AMAC Exclusive – By Ben Solis
Since Giorgia Meloni’s election as Prime Minister of Italy last year, the liberal establishment – both inside and outside of Italy – has been working overtime to slander and undermine the staunch conservative leader. Now, many on the left think they have found the perfect foil for Meloni in Elly Schlein, an ex-Barack Obama staffer whom some in the liberal press are calling “Italy’s AOC.”
In March, voters elected Schlein to lead Italy’s Democratic Party (PD) as its secretary. Particularly following Meloni’s victory last September, the PD has struggled to find its identity. From winning more than 12 million votes in Italy’s 2008 elections, the party won just 5.5 million last year.

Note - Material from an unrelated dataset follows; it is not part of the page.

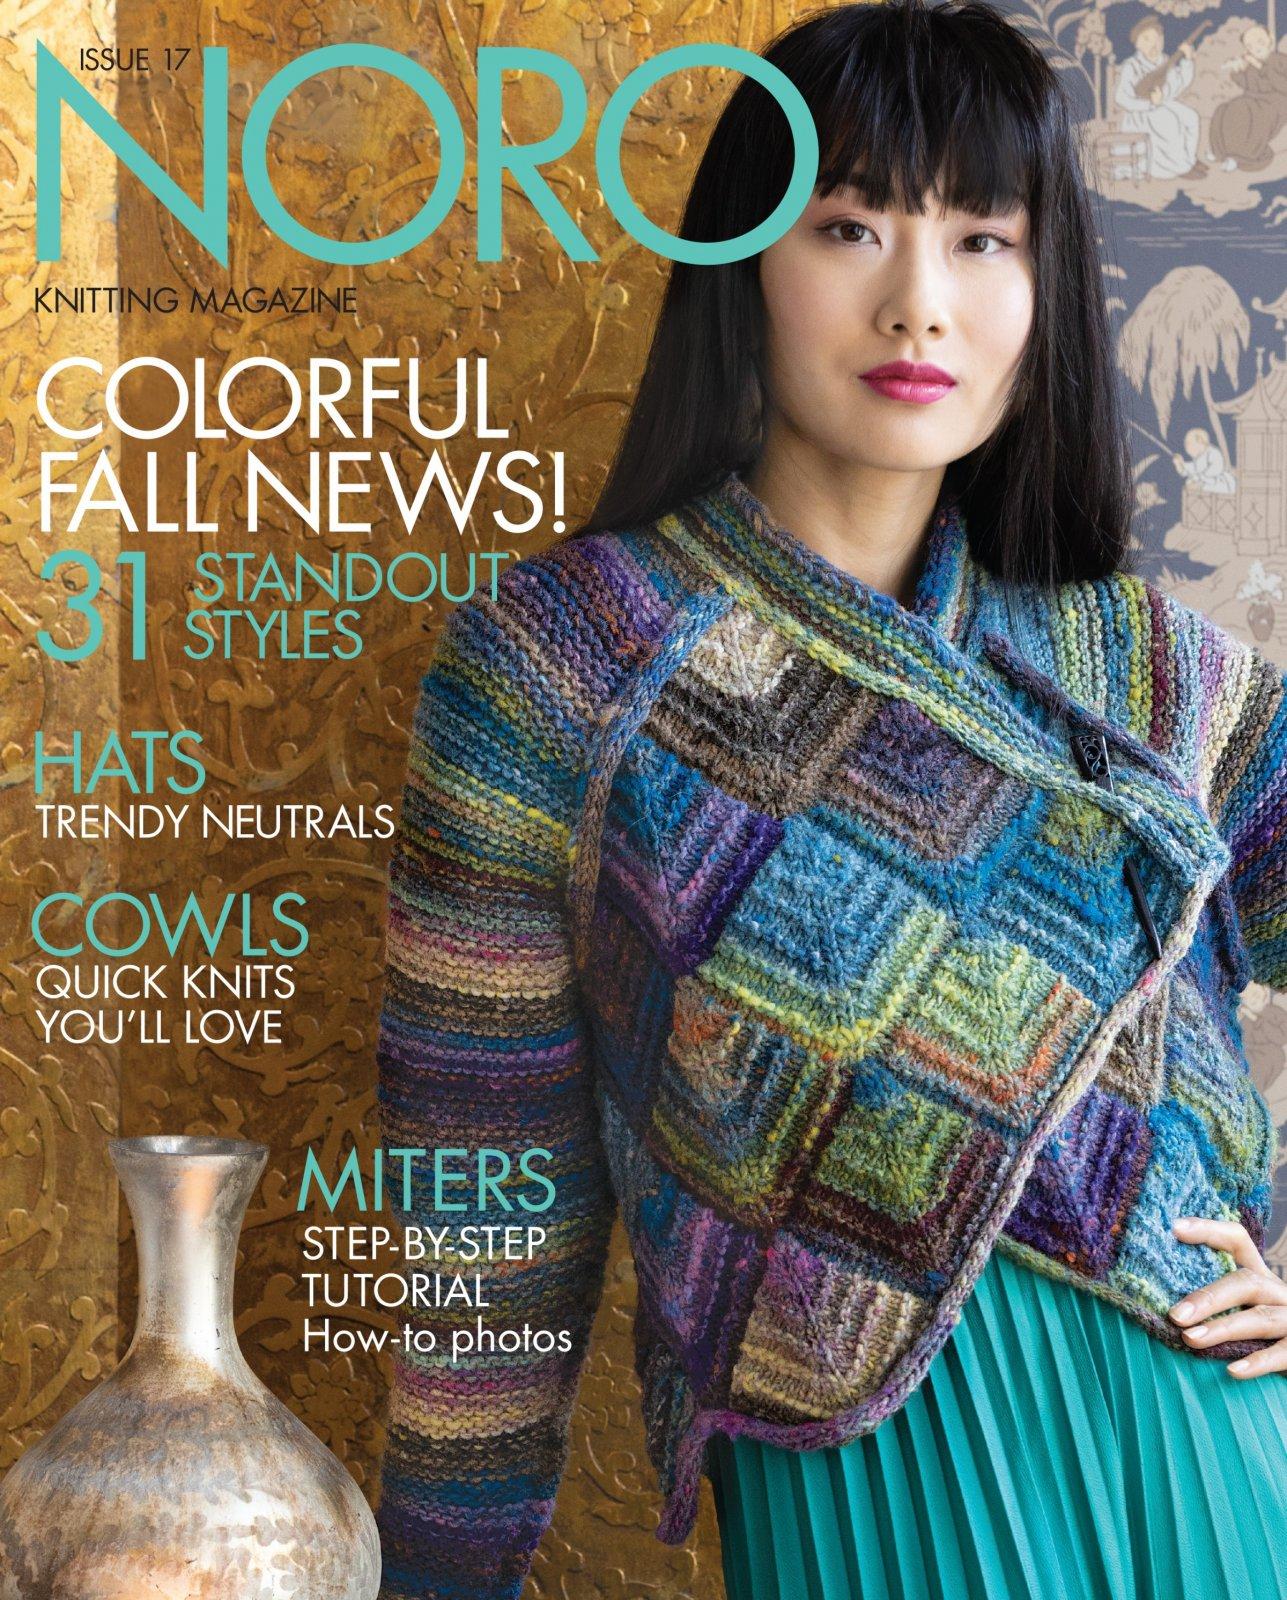 Noro Magazine Issue 17

Schlein has promised to change all that – but not without shaking up the status quo. She ran as an unapologetic leftist and in defiance of the party establishment, advocating a radical agenda on everything from abortion and assisted suicide to legalizing drugs and pushing radical gender theory.
These extreme positions clearly activated some disaffected left-wing voters in Italy – more than 500,000 people who were not PD members voted in the party primary.
Shlein has been something of a political nomad throughout her career. After starting her career as a PD party activist, she quit the party eight years ago, only returning in 2022. She also volunteered for Barack Obama’s presidential campaigns in 2008 and 2012, where she trained other volunteers.
Like the U.S. President she once worked for, Schlein has become a media darling. She enjoyed a glowing Vogue profile late last month. The New York Times also has declared that Schlein has “catapulted Italy, which long seemed a Country for Old Men, into markedly different territory.”
As leader of the PD, Schlein will hope to use her party’s influence in strategically important regions of Italy – including populous cities like Rome, Milan, Turin, Bologna, Florence, Naples, and Bari – to expand the party’s influence. She also has a staunch ally in the European Parliament (EP), which leftists continue to dominate. Just last week, the EP criticized Meloni and other conservative leaders in Hungary and Poland for their supposedly “anti-LGBTQ” rhetoric.
But Schlein has her work cut out for her when it comes to making a case against the concrete successes of the Meloni administration.
Those fears are perhaps best captured by the term “Melonomics,” recently coined by conservative Italian newspaper Il Giornale to describe Meloni’s economic policies, which the paper likens to President Ronald Reagan’s. After six months in office, Meloni has established three pillars for growth: tax cuts and rules transparency, no government bailouts, and a merit-focused labor market.
In addition, Meloni’s immigration policy and treatment of African nations has also proved popular with voters and shaken the liberal establishment in Europe.
With many strategies similar to those employed by former U.S. President Donald Trump in the United States, Meloni has prioritized deterring illegal immigration, stressing that European policies of processing massive asylum claims and taking a lax approach toward illegal immigration have failed.
Meloni has also called on the rest of Europe to stop treating Africa as its “economic lifeline,” which she argues only exacerbates problems in African countries. “We need to strengthen relations with African countries, not with the eyes of a colonizer, but sitting on an equal footing,” Meloni explained early in her tenure. Those comments were a direct criticism of the French-led African Financial Community, which she called “a euphemism for Paris colonies.”
The blunt rhetoric and consistent attitude have worked wonders for Italy. In just a few months, Meloni has signed natural gas contracts with Libya and Algeria, allowing Italy to gain energy independence from Russian supplies by 2025 and transforming Italy into an energy hub for Europe. Ethiopia, Sudan, Libya, and Algeria are now also actively working with Italian officials to decrease illegal immigration.
Meloni’s success has also seemingly invigorated other conservative parties in Europe. In Sweden and Finland, conservatives have campaigned on a similar platform as Meloni, emphasizing energy independence and cutting spending – two hallmarks of Melonomics. Meloni’s success has also motivated the Spanish conservative party, Vox, to challenge the immigration and debt records of the socialist government led by Prime Minister Pedro Sanchez.
With little of substance to run on, the left in Italy has resorted to nasty personal attacks on Meloni and even her family. Recently, a daily newspaper associated with the PD published on its front page a cartoon mocking Meloni’s sister, who is passionate about protecting family and the freedom of religion. Meloni confirmed that the paper attacked “a person who does not hold public office, guilty above all of being my sister,” saying that the silence of those responsible was deafening.
The media both inside and outside of Italy have also baselessly continued to slander Meloni as a “racist” and a “fascist,” leveling the same attacks against her that so many Republican politicians experience in the United States.
Despite all this, however, Meloni has continued to perform well in the polls, and her government continues to deliver policy wins. It seems that Schlein will have to find a way to win the support of more than just far-left activists and the liberal media if she hopes to fulfill her ambitions.
Ben Solis is the pen name of an international affairs journalist, historian, and researcher.